Misaki Amano

Personal information
- Full name: Misaki Amano
- Date of birth: 22 April 1985 (age 40)
- Place of birth: Gifu, Japan
- Height: 1.73 m (5 ft 8 in)
- Position(s): Goalkeeper

Team information
- Current team: Urawa Red Diamonds

Youth career
- Tokiwagi Gakuen High School LSC

College career
- Years: Team / Apps / (Gls)
- 2004–2007: Waseda University

Senior career*
- Years: Team / Apps / (Gls)
- 2008–2011: TEPCO Mareeze
- 2012–2013: Vegalta Sendai
- 2022–2023: Urawa Red Diamonds

Managerial career
- 2022–: Urawa Red Diamonds (GK coach)

= Misaki Amano =

Women's football goalkeeper and coach

Misaki Amano (天野 実咲, Amano Misaki) is a former professional football goalkeeper and goalkeeping coach for Urawa Red Diamonds of the Japanese top-division WE League. She was also a professional goalkeeper for TEPCO Mareeze and Vegalta Sendai of the top-division Nadeshiko League, and was a member of the Japan women's national football team's 2007 FIFA Women's World Cup squad.

==Early life==
Amano was born in Gifu Prefecture and graduated from Tokiwagi Gakuen High School. She attended Waseda University from 2004 to 2008 and played for its football club, converting from being a field player to goalkeeper in her sophomore year in which Waseda won the intercollegiate championship. In 2007, Japan Football Association selected Amano for its special designated player program, allowing her to play with Urawa Red Diamonds in the top-division Nadeshiko League.

==Club career==
===TEPCO Mareeze, 2008–2011===
After graduating from Waseda University in 2008 with a degree in sports sciences, Amano joined Nadeshiko League club TEPCO Mareeze in 2008.

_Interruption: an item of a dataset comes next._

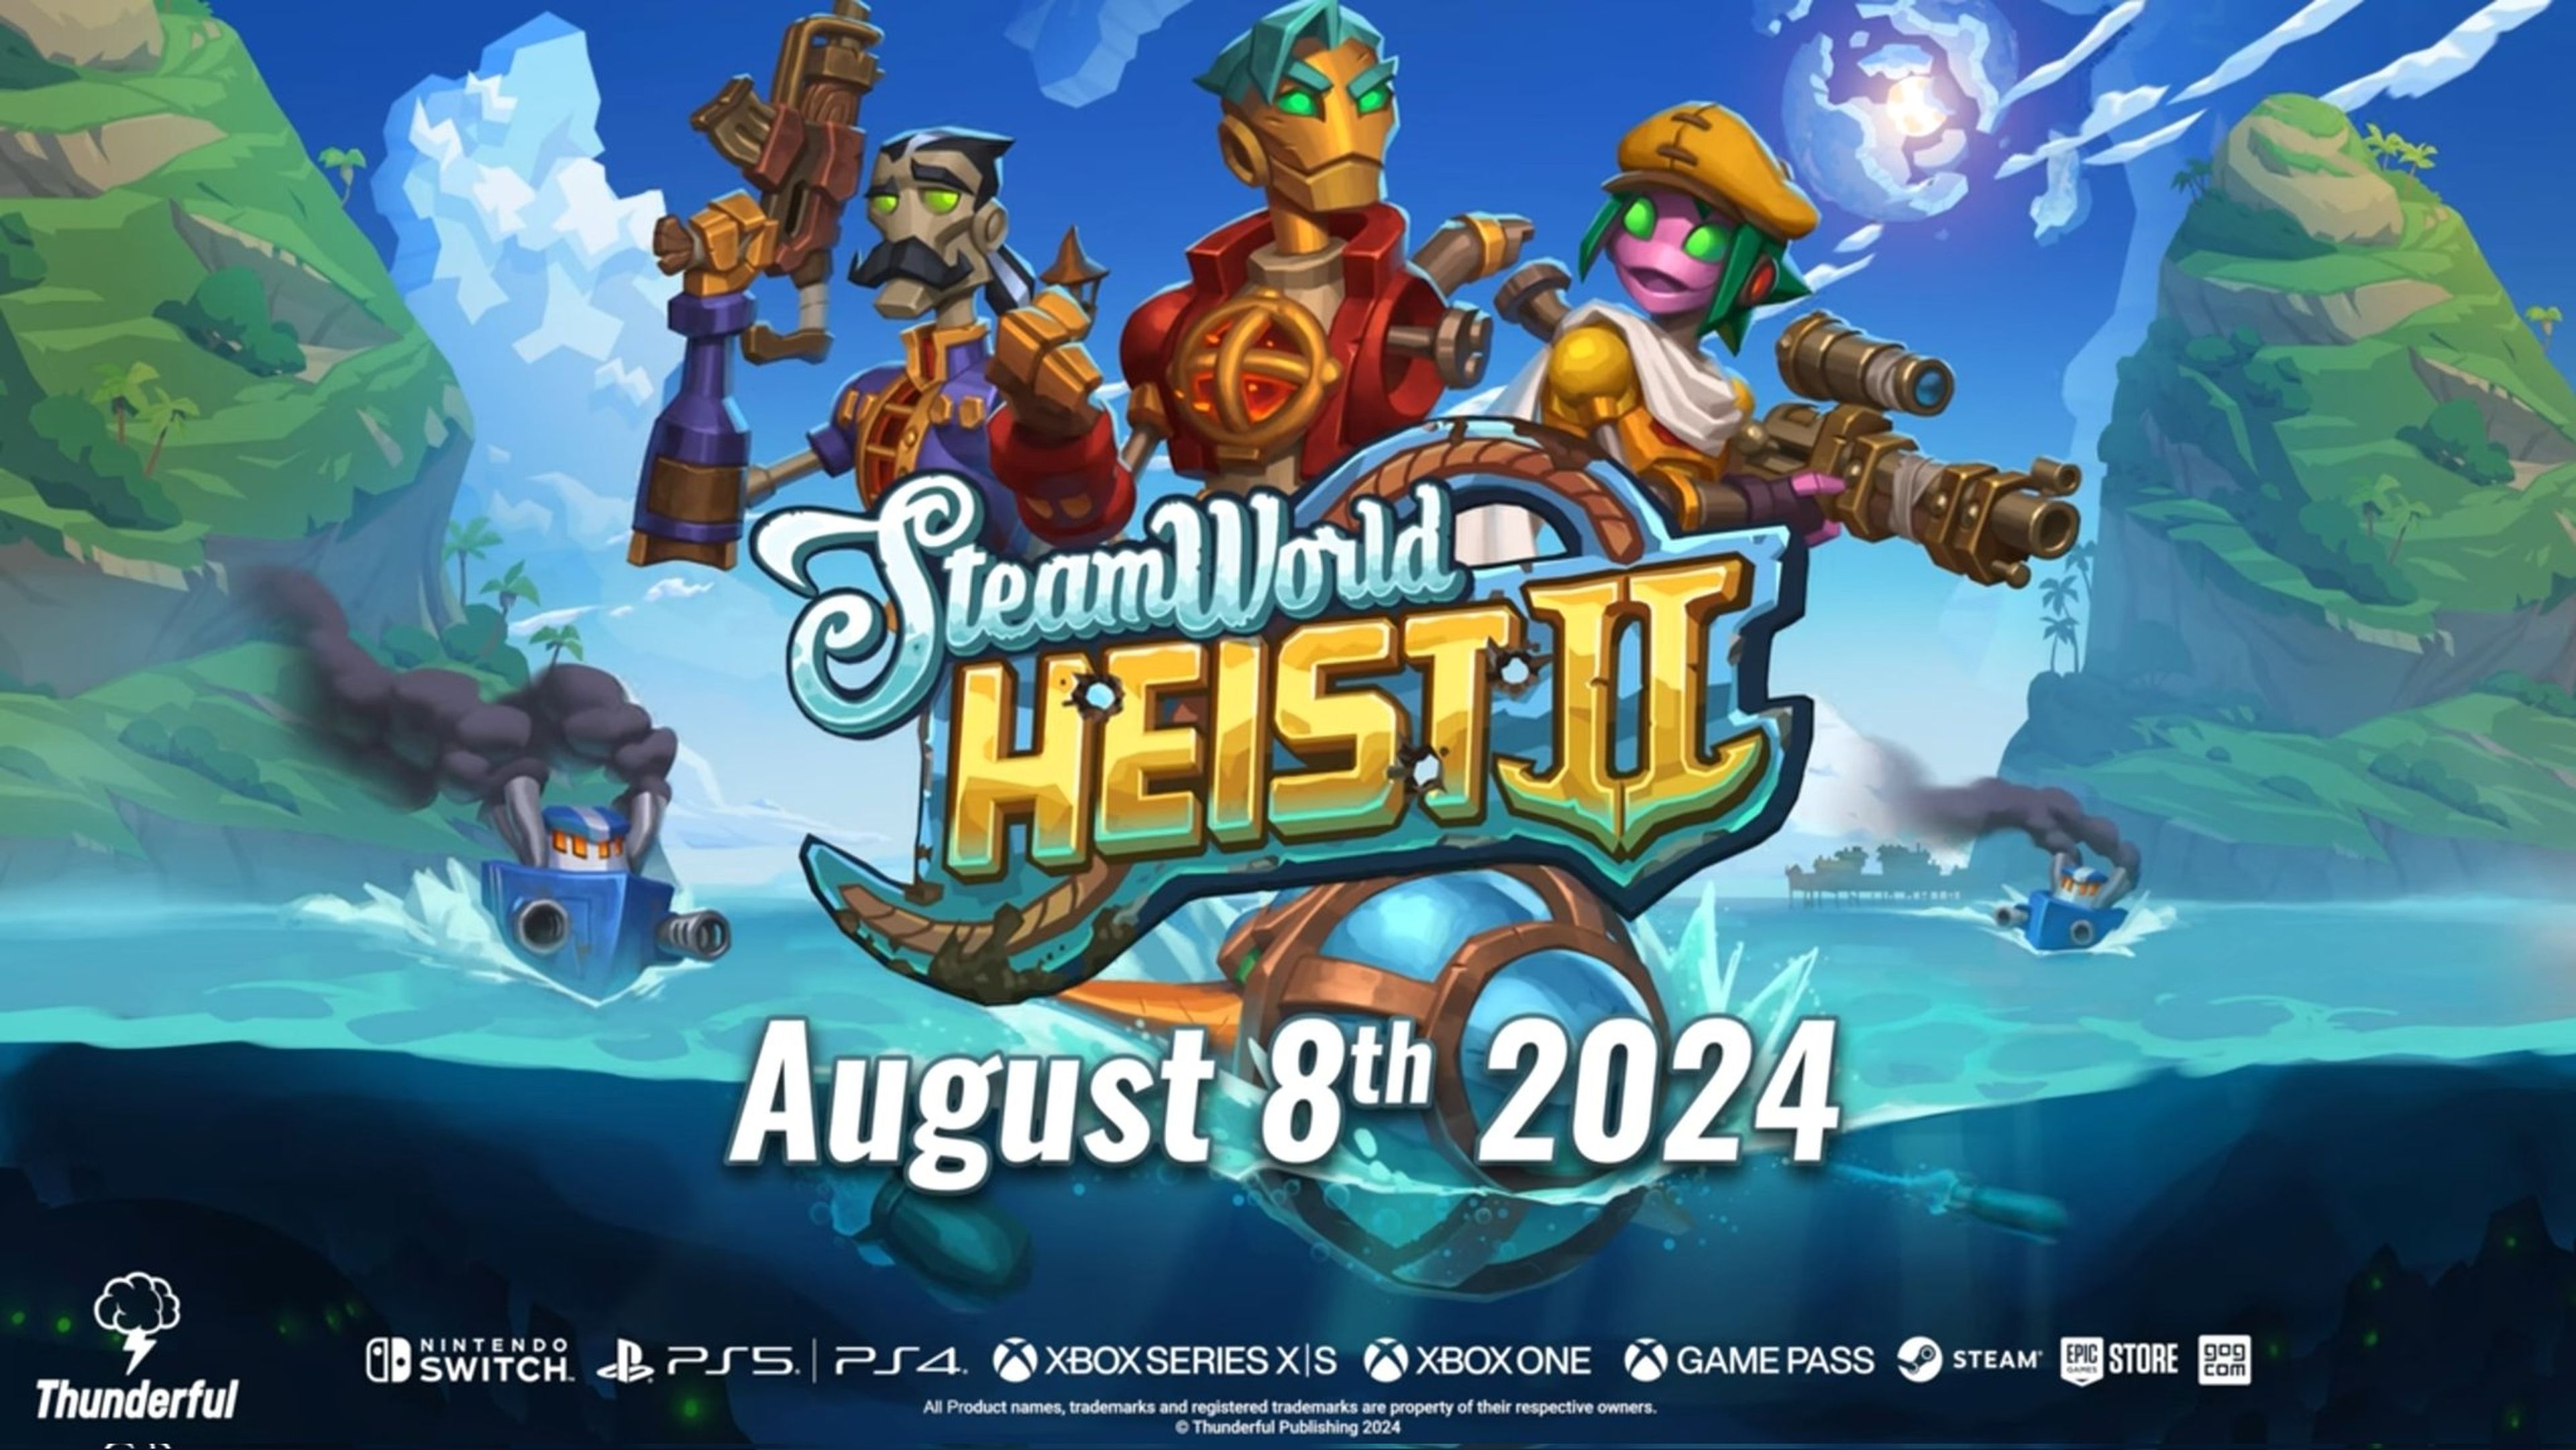 Steamworld Heist 2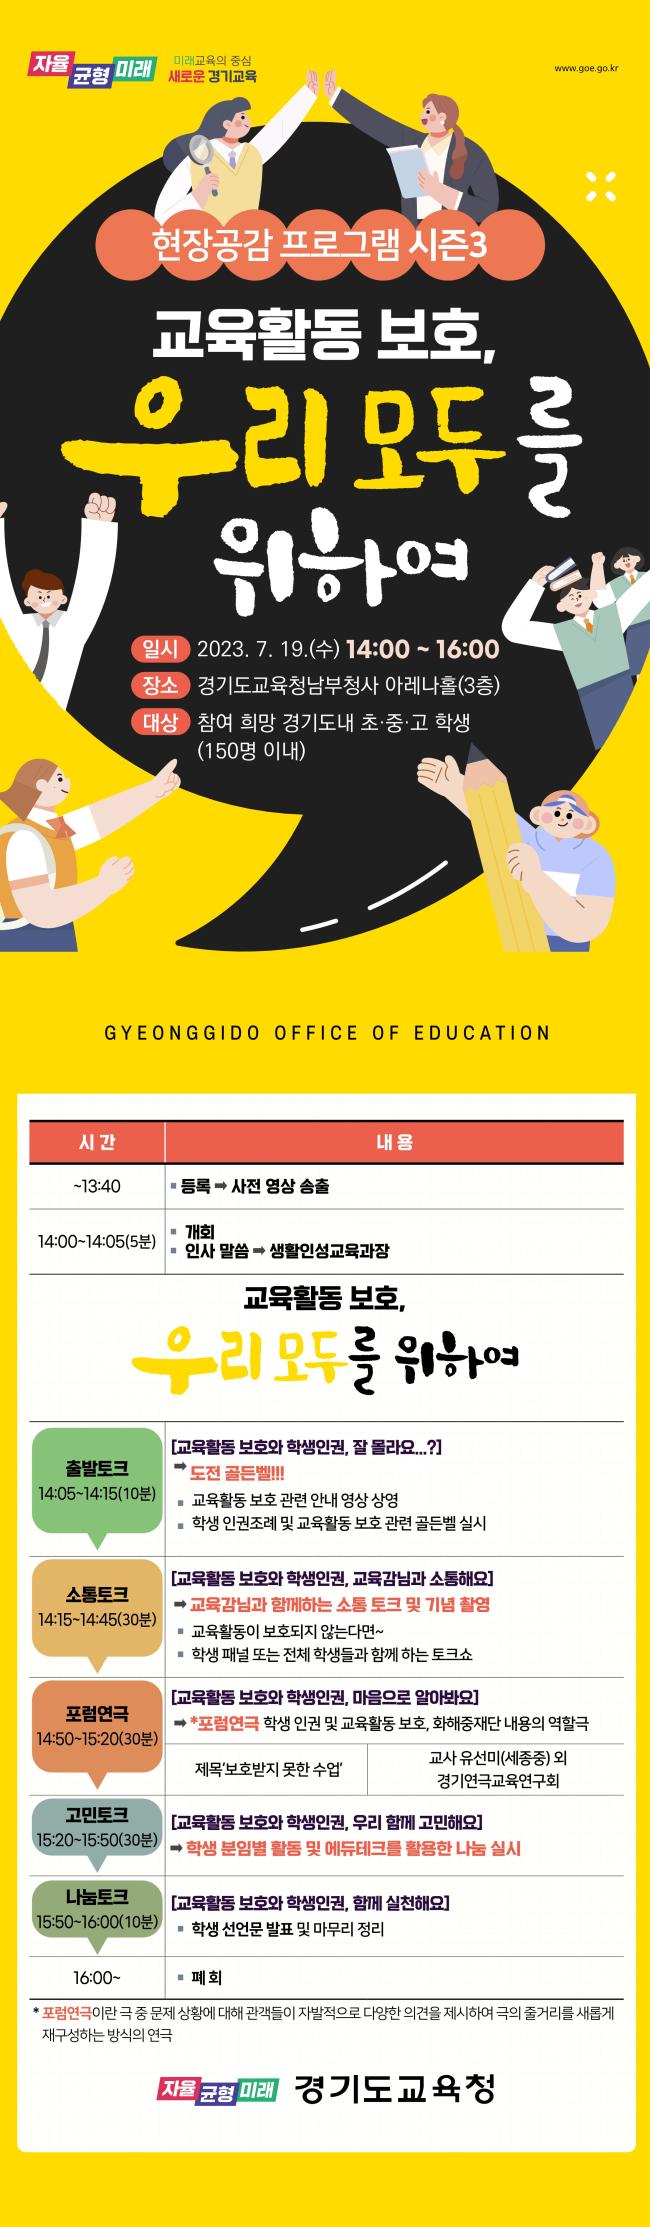 경기도교육청 생활인성교육과_붙임 4. 홍보 포스터_1.jpg

Amano started for TEPCO Mareeze against Women's Professional Soccer club FC Gold Pride of the United States in a 2010 club friendly.

The club was disbanded after the Fukushima nuclear disaster in 2011; TEPCO was the company that had managed the nuclear power plant, and all of the players were TEPCO employees. In January 2012 the new club Vegalta Sendai was created to accommodate the displaced players. She contemplated retirement following the accident and declined offers to join other clubs until learning that the team's flag was still intact in a yakitori restaurant in the afflicted town of Hirono.

===Vegalta Sendai, 2012–2013===
In 2012, Amano moved to Vegalta Sendai, which began competition in the second-division Challenge League. She was the club's starting goalkeeper. The club won the league in 2012 with a record and earned promotion to the top-division Nadeshiko League. Amano continued playing for the promoted team but retired after the 2013 season.

===Urawa Reds, 2022–2023===
Amano was available off the bench as a player for Urawa Red Diamonds for their 2022 Empress's Cup match against INAC Kobe Leonessa, wearing shirt number 33. She announced her second retirement as a player on 1 February 2023.

==International career==
Amano was selected to the Japan women's national football team for the 2007 FIFA Women's World Cup. She traveled with the team and was named to group-stage matchday rosters against Germany, Argentina, and England as a reserve goalkeeper for the starter Miho Fukumoto, but did not play.

While playing for Vegalta Sendai, the Japan national team called Amano into national team training camp on 10 February 2012, then again from 26 March to 30 March 2012, as a third keeper. The national team called her into camp again in June 2012 and to the preliminary 2012 Summer Olympics roster following the camp. Her final national team call-ups were as a reserve goalkeeper for Japan's June 2013 friendly series against New Zealand (20 June) and Germany (29 June).

==Managerial career==
From March 2016 to January 2018, Amano served as Jumonji Gakuen Women's University football club's goalkeeping coach. She also served as the affiliated Jumonji High School club's coach in 2017, leading them to their first championship. She then served from 2018 to 2020 as goalkeeping coach for Tokyo International University's women's football club.

On 6 October 2022, Urawa Red Diamonds, now playing in the top-division WE League, hired Amano as a goalkeeping coach. She announced her retirement from the role on 1 February 2023.